I live in UAE, whose continuing enthusiasm in AI investment stretches well beyond short-term profit, so having AD on-board seems like a plus not a minus. I'm sure there are specific exceptions, but generally Emirati money has seemed like smart money.

rpdillon•3mo ago
You're pointing out a bunch of high capex costs (hardware, SRAM), but then concluding that their opEx is greater than their revenue on a per unit basis. Are they really losing money on every token? It seems that using hardware acceleration would decrease inference costs and they could make it up on unit economics over time.

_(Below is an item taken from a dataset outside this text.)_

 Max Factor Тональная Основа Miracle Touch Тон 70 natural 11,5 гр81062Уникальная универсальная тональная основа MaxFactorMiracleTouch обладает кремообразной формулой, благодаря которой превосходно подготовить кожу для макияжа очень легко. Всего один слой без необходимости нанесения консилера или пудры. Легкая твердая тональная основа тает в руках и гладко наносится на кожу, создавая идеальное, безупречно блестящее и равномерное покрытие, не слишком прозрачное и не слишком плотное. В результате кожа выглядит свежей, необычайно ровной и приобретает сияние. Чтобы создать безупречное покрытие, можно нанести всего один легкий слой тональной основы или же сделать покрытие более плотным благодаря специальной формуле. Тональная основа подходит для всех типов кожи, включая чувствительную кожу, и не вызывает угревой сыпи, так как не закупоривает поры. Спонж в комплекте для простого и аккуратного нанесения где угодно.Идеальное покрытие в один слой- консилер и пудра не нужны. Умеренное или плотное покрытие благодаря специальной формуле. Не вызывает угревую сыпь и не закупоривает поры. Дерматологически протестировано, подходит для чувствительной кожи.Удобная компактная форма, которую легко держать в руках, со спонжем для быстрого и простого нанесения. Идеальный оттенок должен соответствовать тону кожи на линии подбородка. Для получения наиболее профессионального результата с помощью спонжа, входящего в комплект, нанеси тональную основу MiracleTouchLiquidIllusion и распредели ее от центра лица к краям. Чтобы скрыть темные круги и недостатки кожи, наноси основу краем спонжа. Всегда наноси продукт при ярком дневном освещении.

But I'm just reasoning from first principles. I don't have any specific data about them.

aurareturn•3mo ago

  It seems that using hardware acceleration would decrease inference costs and they could make it up on unit economics over time.
Nvidia GPUs are accelerators too. The reason they can do this so fast is because they're storing entire models in SRAM.
rpdillon•3mo ago
There are degrees of acceleration. My understanding, limited as it is, is that groq and cerebras are using highly optimized acceleration to achieve their token generation rates, far beyond that in a regular GPU, and this leads to lower costs per token.

Is this incorrect?

aurareturn•2mo ago
Yes, they're called ASICs on Grog. But Cerebras has more general cores that can do more complex things. Inference is mostly limited by bandwidth though.
7thpower•3mo ago
Switching costs are low, so if that happens we’ll just switch.
KronisLV•3mo ago
The Cerebras GML-4.6 post might also be of (some?/more?) interest to the people here, since it's more useful for programming: https://news.ycombinator.com/item?id=45852751

I don't think that this is a dupe or anything and 3000 t/s is really cool, the other post just has more discussion of Cerebras and people's experiences with using GLM 4.6 for software development.

sunpazed•3mo ago
This is really impressive. At these speeds, it’s possible to run agents with multi-tool turns within seconds. Consider it a feature rich, “non-deterministic API” for your platform or business.
drewbitt•3mo ago
It's a decent general model too - I have it plugged up in llm and raycast since August at great speeds. I wish Cerebras would do MiniMax M2 which should be an upgrade and replacement if it was just faster. It would never be as fast as gpt-oss-120 though
iFire•3mo ago
Does anyone know how much one system costs?